§ ACTION ITEM: The whole listing, pictures aside, should be reproduced exactly.

§ MATERIAL PROVIDED:
● ● ● ● ●

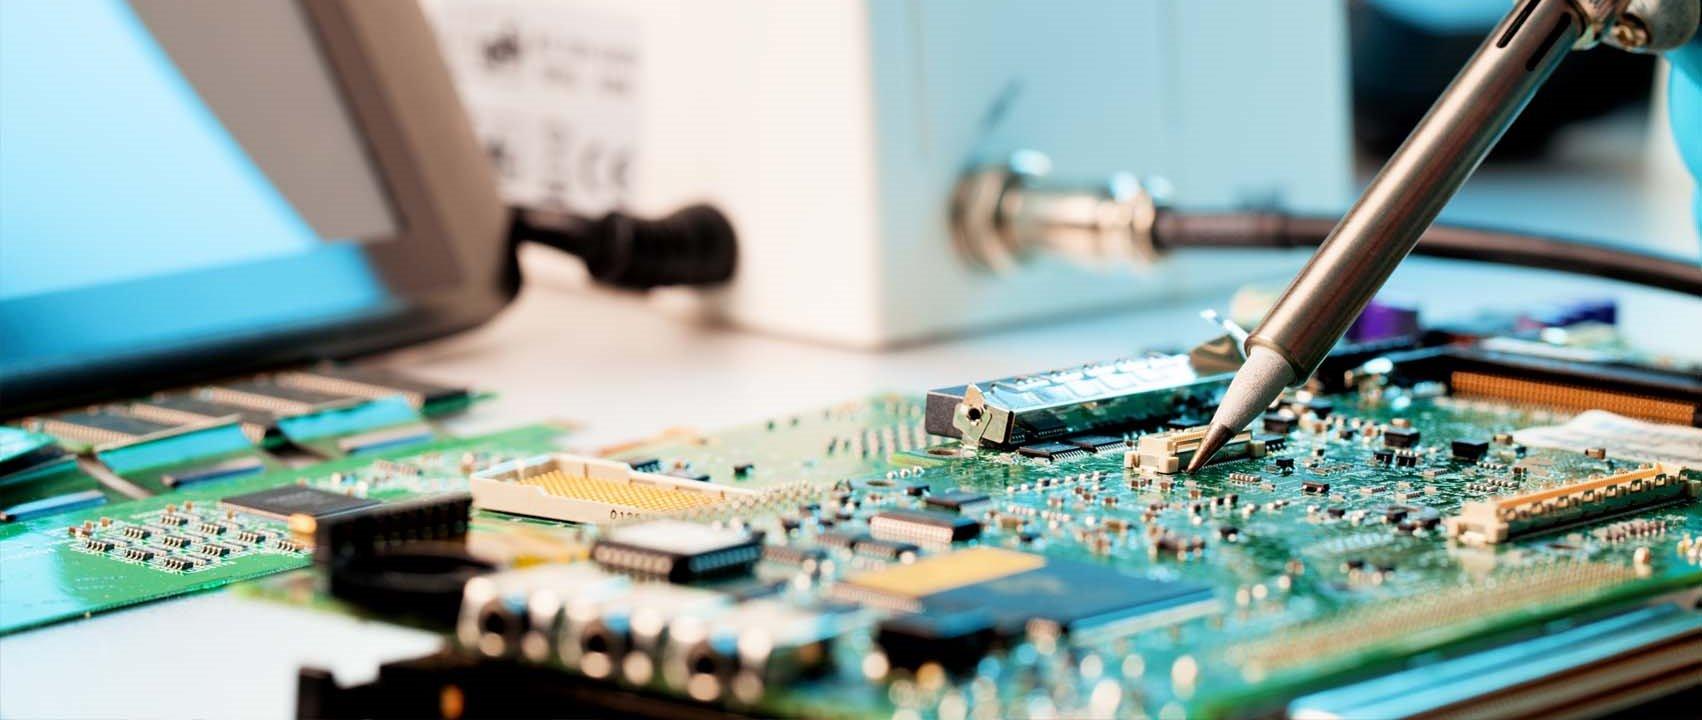 ремонт электроники. прошивка и перепрошивка процессора
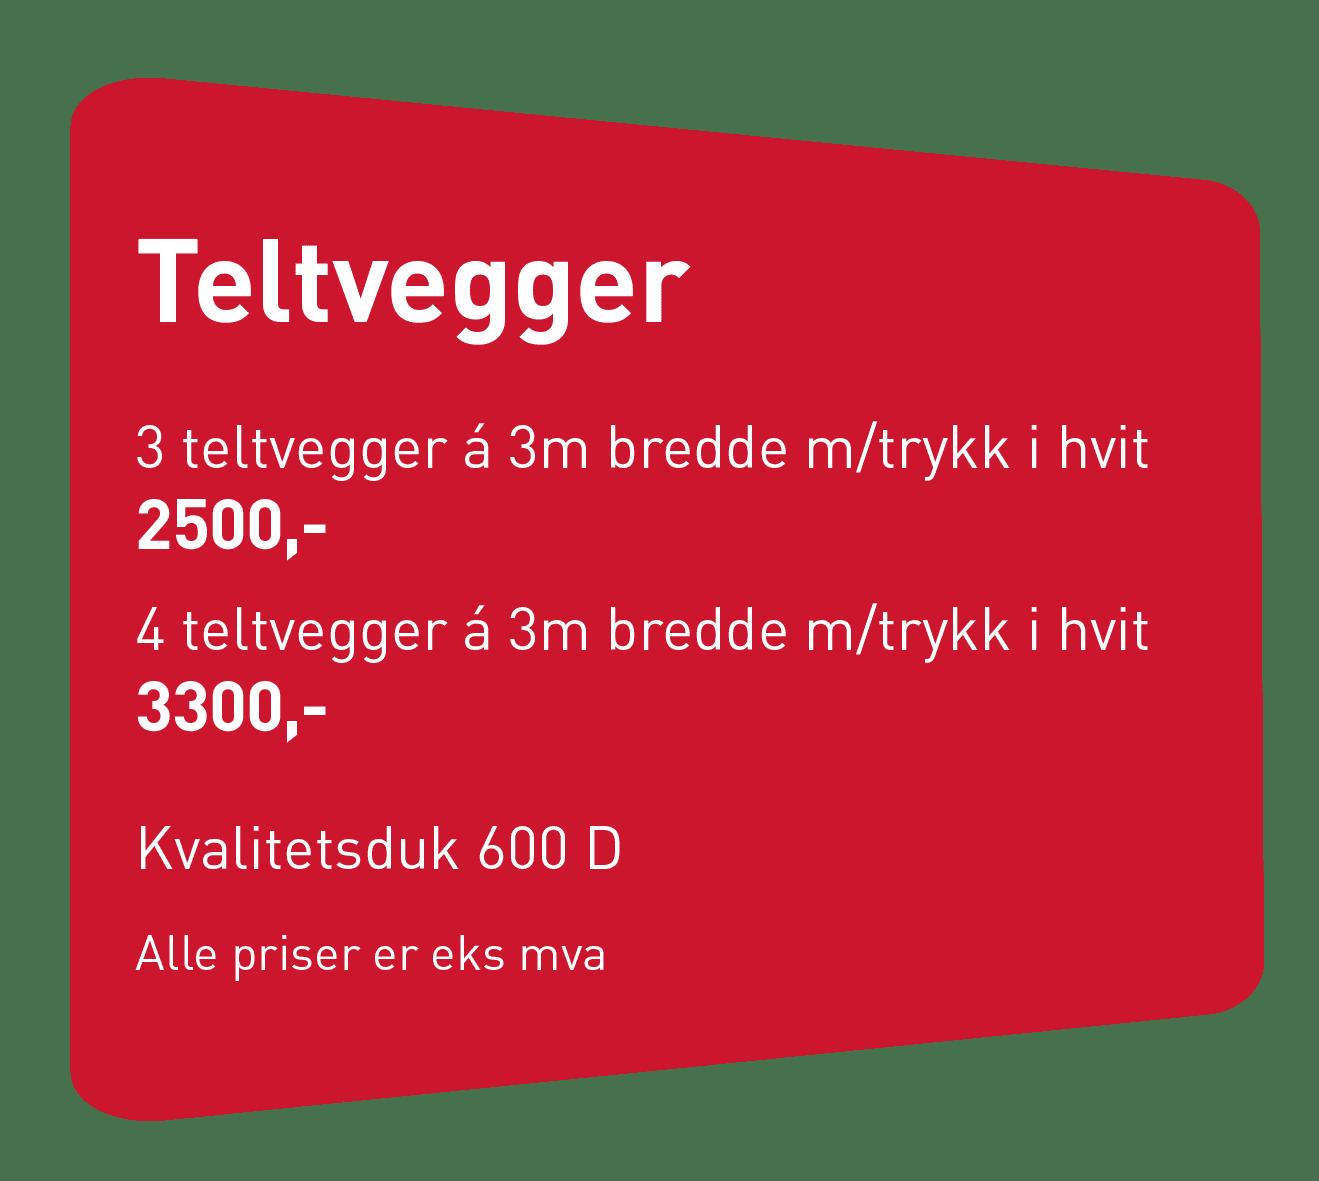 Teltvegger, pris - Allprofil AS - Trykksaker - Profilering - Klær - Digital skilting - Tjenester - Kontakt
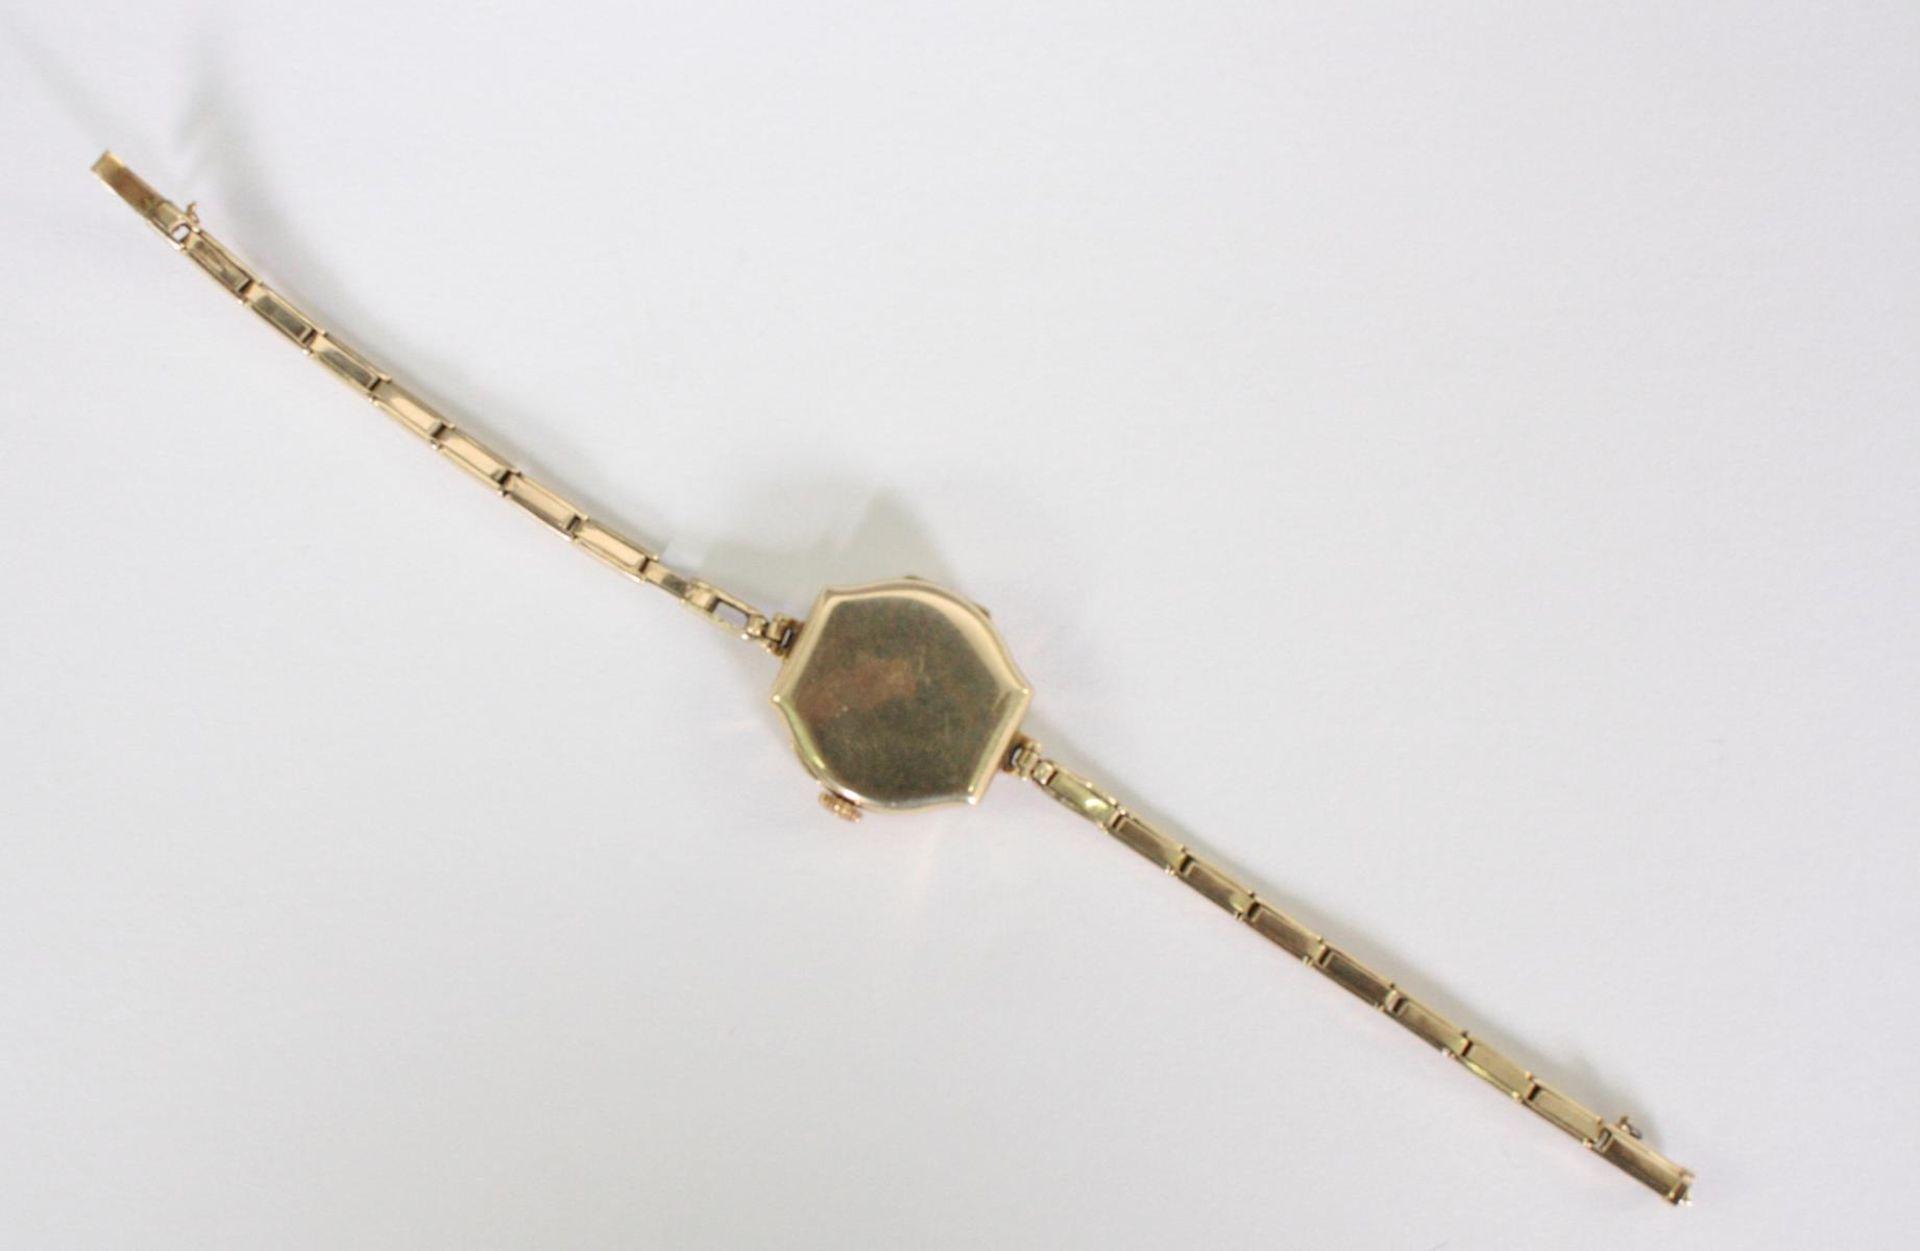 Antike Damenarmbanduhr, 14 Karat Gelbgold - Bild 3 aus 5

● ● ● ● ●

§ WRITTEN SOLUTION:
 ремонт электроники. прошивка и перепрошивка процессора
 Teltvegger, pris - Allprofil AS - Trykksaker - Profilering - Klær - Digital skilting - Tjenester - Kontakt
 Antike Damenarmbanduhr, 14 Karat Gelbgold - Bild 3 aus 5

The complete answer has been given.